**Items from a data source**
——————————
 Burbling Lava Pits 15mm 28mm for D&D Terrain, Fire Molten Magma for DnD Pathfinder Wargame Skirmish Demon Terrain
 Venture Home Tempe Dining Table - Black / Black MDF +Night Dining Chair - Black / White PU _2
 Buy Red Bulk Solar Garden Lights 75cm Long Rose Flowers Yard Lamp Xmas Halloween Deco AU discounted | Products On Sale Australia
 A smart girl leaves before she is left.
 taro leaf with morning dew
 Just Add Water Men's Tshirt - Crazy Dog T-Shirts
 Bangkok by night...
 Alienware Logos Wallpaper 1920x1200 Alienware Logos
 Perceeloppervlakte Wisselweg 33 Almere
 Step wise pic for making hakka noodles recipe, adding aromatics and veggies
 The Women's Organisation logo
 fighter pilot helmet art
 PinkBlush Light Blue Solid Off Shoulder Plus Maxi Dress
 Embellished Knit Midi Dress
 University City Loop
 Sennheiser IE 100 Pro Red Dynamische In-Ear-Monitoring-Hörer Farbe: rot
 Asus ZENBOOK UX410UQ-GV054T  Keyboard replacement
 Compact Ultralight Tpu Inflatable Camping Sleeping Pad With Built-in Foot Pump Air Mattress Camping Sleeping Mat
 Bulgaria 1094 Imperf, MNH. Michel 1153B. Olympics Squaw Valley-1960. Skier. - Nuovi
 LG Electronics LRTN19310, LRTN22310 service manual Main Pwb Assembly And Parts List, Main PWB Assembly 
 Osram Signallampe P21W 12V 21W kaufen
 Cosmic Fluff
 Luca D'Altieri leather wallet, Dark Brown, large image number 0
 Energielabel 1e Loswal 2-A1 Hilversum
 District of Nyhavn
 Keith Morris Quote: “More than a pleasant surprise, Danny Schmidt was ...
——————————
Count of lines in the data above that contain the string "Dress": give this number and no other words.

**RESPONSE**
2